However, I got back safely to the bottom of the staircase without seeing or hearing anything, and I was creeping along the passage when I caught the first faint sound of voices. I stopped, then went on again softly, while the sounds became plainer, and I found that they proceeded from Mr. Rayner’s study, the door of which I had to pass. I discovered by the thin thread of light it let out upon the passage that this door was ajar, at the same moment that I recognized Sarah’s voice. She was speaking in a low sullen tone, and, as I drew nearer, I was arrested half against my will by words which seemed to apply to myself—“Against the stupid baby-face of a chit hardly out of the nursery herself. Governess indeed!”

“Is that all you have to say?” said Mr. Rayner very low, but in his coldest, most cutting tone.

“That’s—that’s all I have to say,” said Sarah, with a choking sound in her voice.

The woman was evidently unhappy; I almost pitied her.

“Then the matter is easily settled. You can go.”

“I can go! I go! Do you know what you’re saying? Do you think you could replace me as easily as you can such as her?” said she, forgetting all respect due to her master, as her voice, still low, trembled with rage.

“That is my affair. You wished me to choose between the services of an underpaid governess and those of an overpaid servant. I have chosen.”

“Overpaid! My services overpaid! My services can’t be overpaid!” she hissed out.

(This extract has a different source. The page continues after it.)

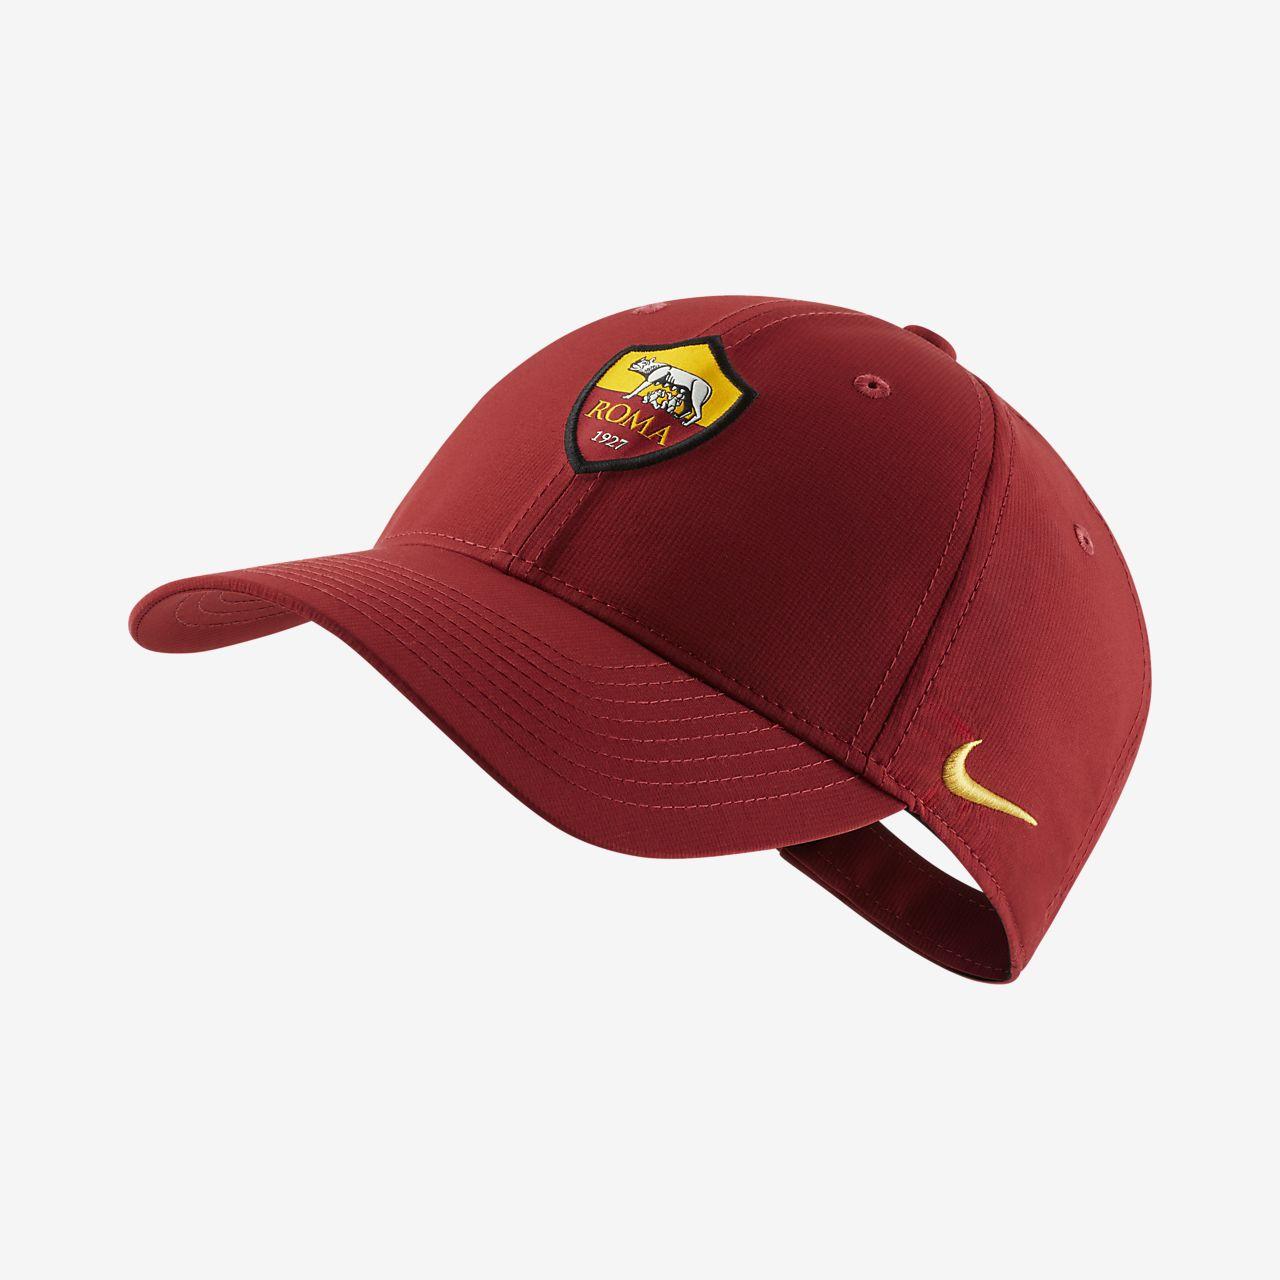 Nike Dri-FIT A.S. Roma Legacy91 justerbar caps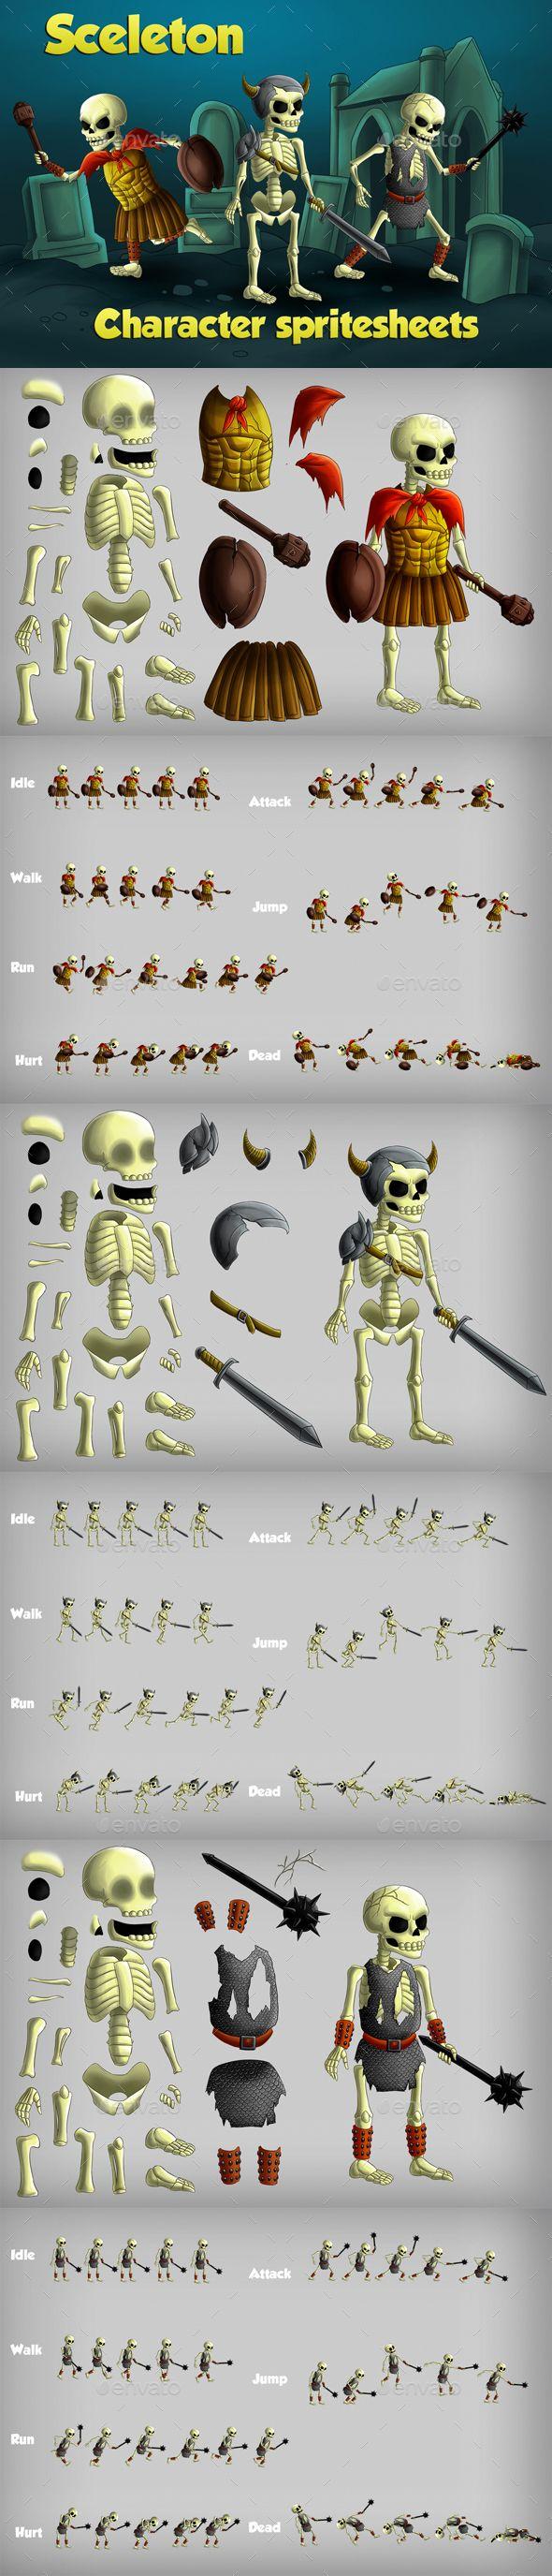 #2D Game Skeleton Character Spritesheet Template - #Game #Skeleton #Sheet #Character #Sprites #Game #Assets #Template #Design. Download here: https://graphicriver.net/item/2d-game-skeleton-character-spritesheet/19511373?ref=yinkira

“As long as you joined discretion to your other undoubted good qualities, I paid you according to that estimate. Now that you let yourself be swayed beyond all bounds of prudence by trifling feelings of jealousy and spite, like a foolish girl, your value runs down to that level. You are no longer a girl, Sarah, and your position is changed in many ways since then, in most for the better. If you cannot accept the changes quietly, you had better go.”

“And you would let me go—for a new-comer?” said the woman passionately.